Furthermore, utilising carried forward unused super contributions caps is the fourth most popular strategy in 2021, featuring in 15 per cent of all advice given. It’s a big mover, up from 13th last year in just 5 per cent of advice reports, according to ChangeGPS.

Meanwhile, for many small businesses, bringing forward tax savings by paying employee super early was a popular strategy. Bringing forward employee super contributions is recommended in 21 per cent of all reports in 2020, up from 19 per cent in FY20.

The spousal super contribution tax offset eligibility which utilises contribution to superannuation on their spouse’s behalf continued to have a minimal take-up in the year, with an average recommendation (average cost) of up to $1,771.

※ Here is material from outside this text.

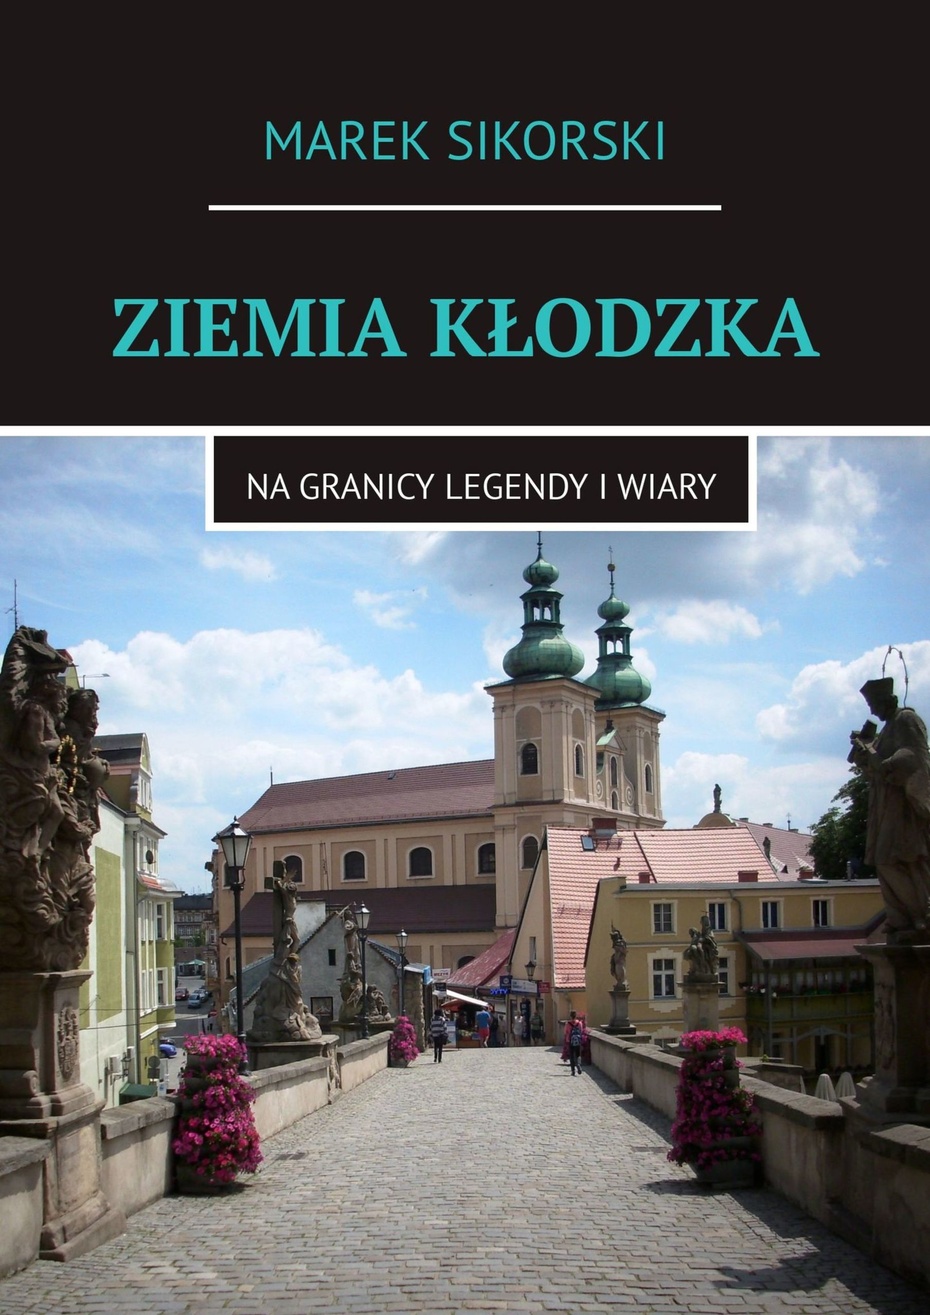 Marek Sikorski, "Ziemia Kłodzka. Na granicy legendy i wiary",  Wydawnictwo Ridero, 2020 r.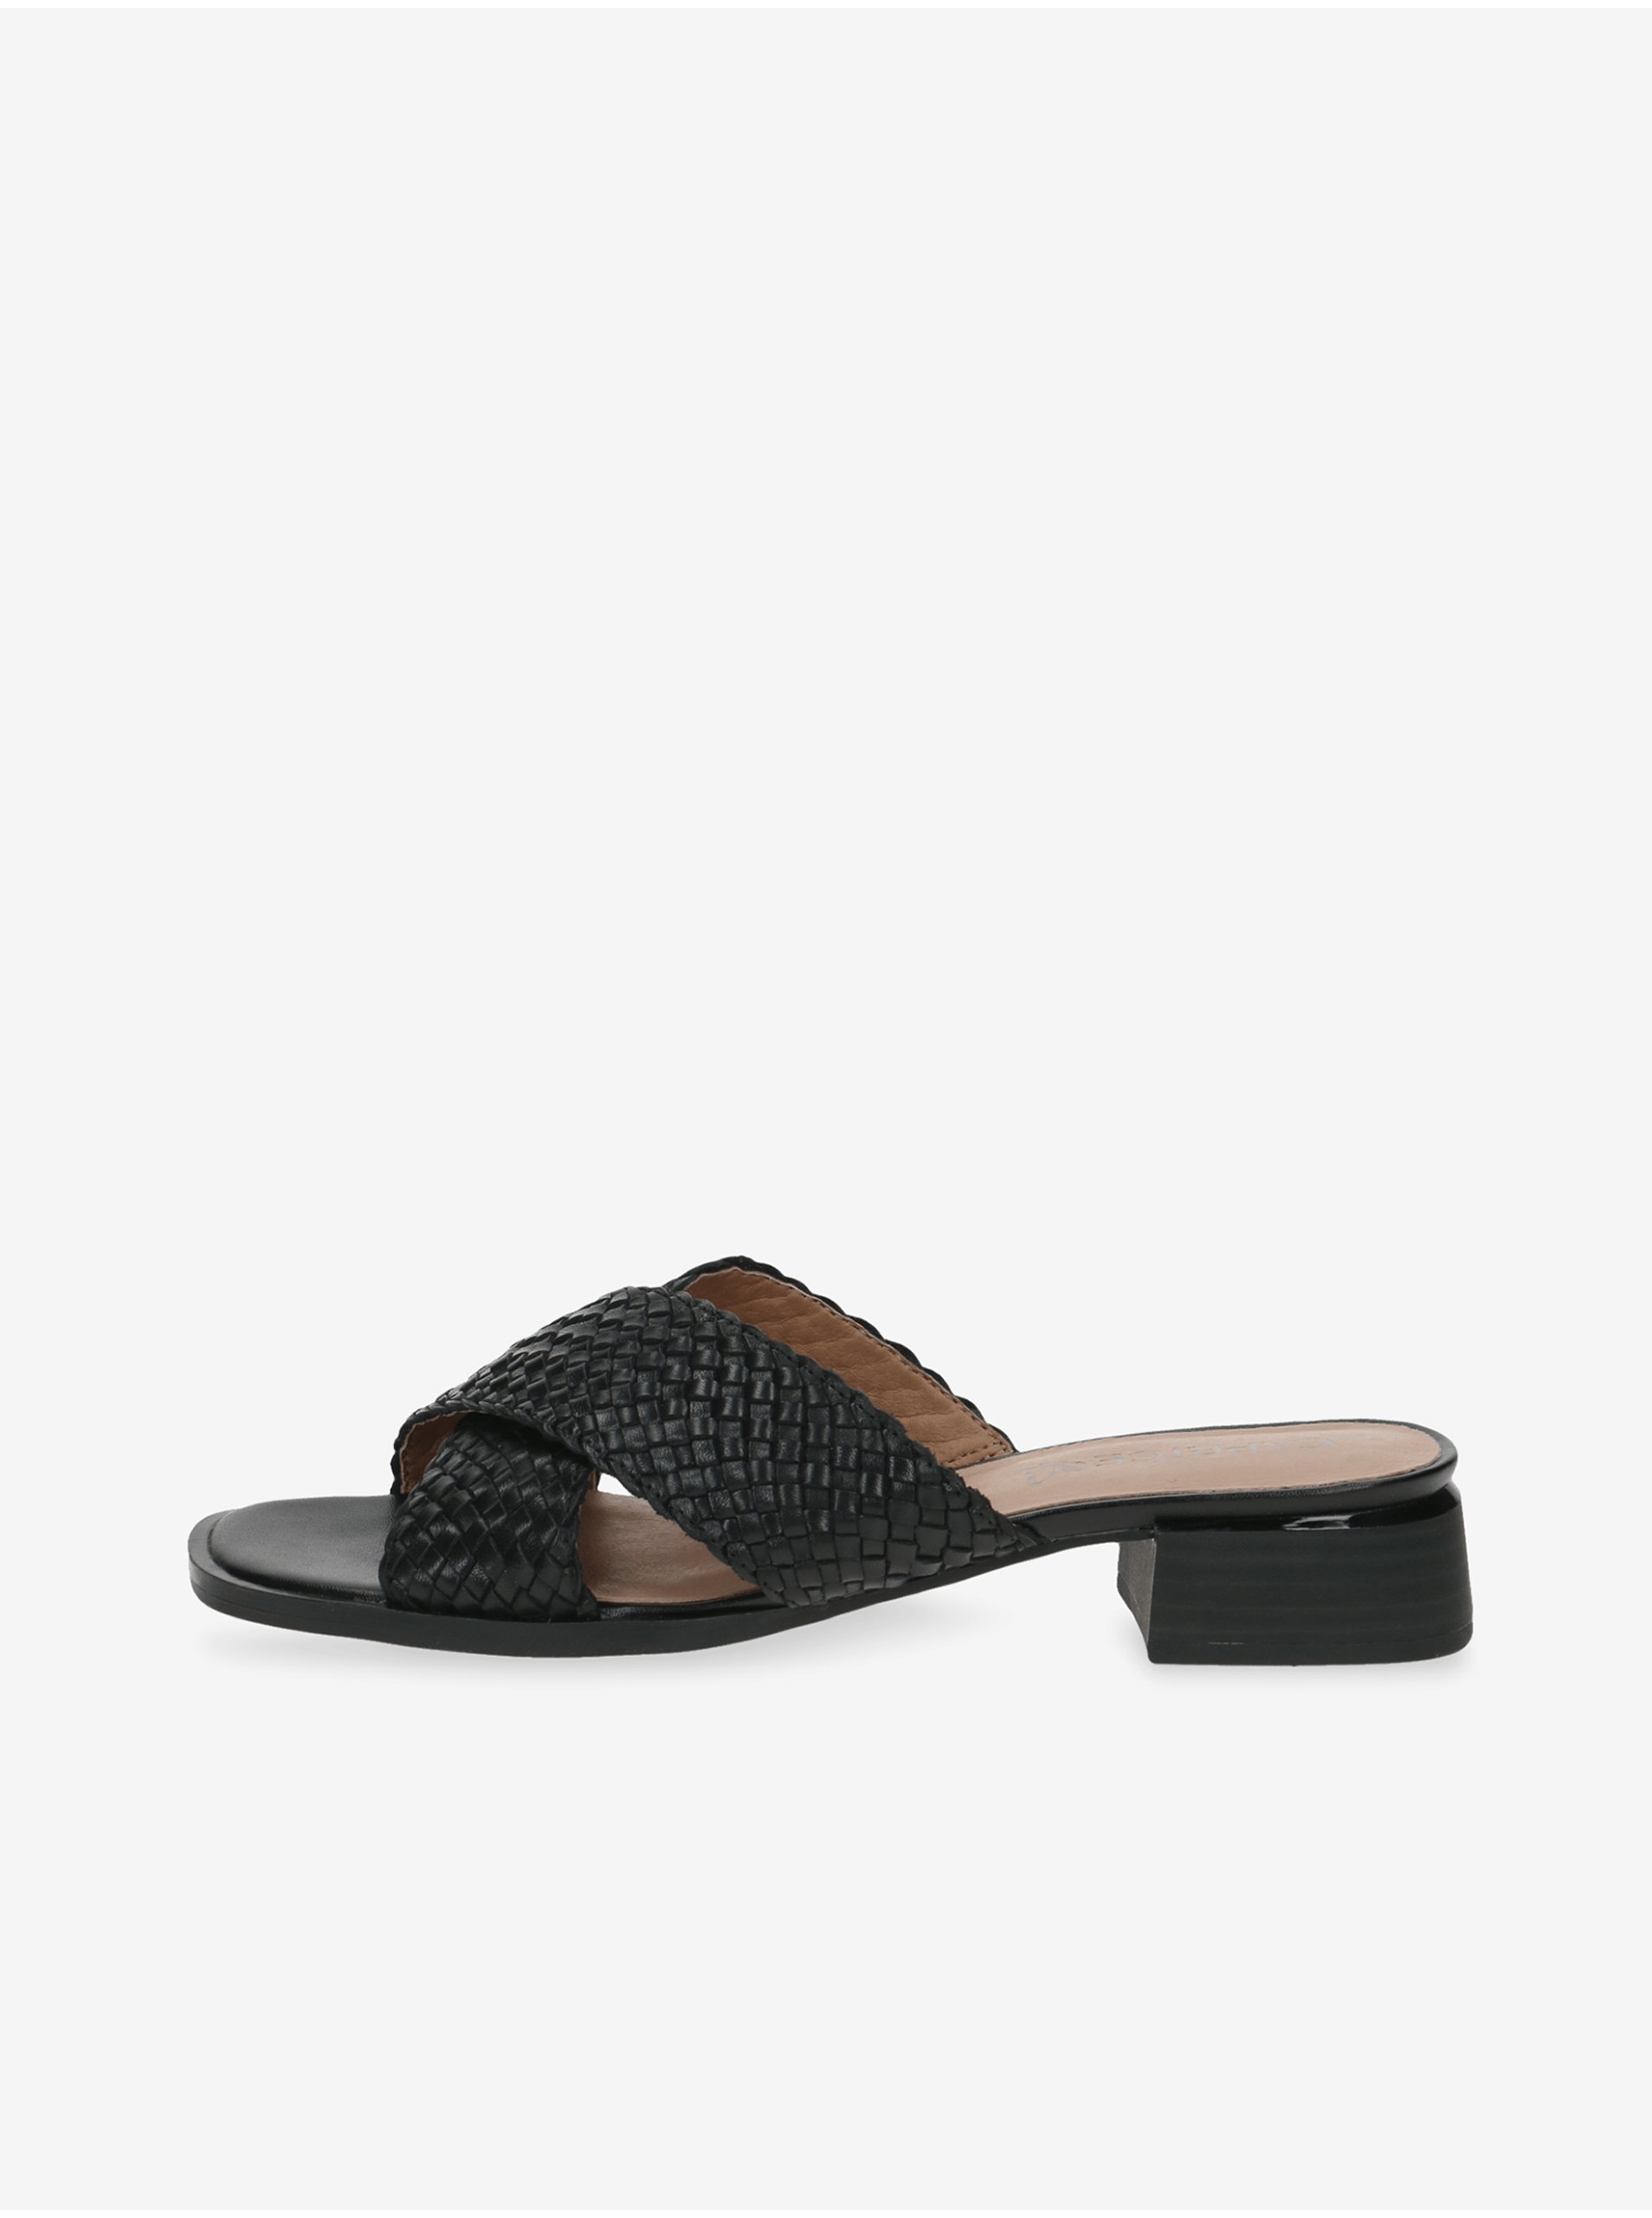 E-shop Černé dámské kožené pantofle na nízkém podpatku Caprice

The double contributions strategy for SMSFs also saw utilisation this financial year and was recorded as one of the new strategies given by accountants. The average recommended deduction was around $24,000 and it saved on average up to $7,121.

Funds that used deductions through giving (donations) increase via discretionary trust saw very minimal use this year, with average savings of only $588, while superannuation savings via child personal super contribution and trust distribution was one of the least popular tax deduction strategies, with an average recommendation of around $10,000 in deductions and average savings up to $2,100.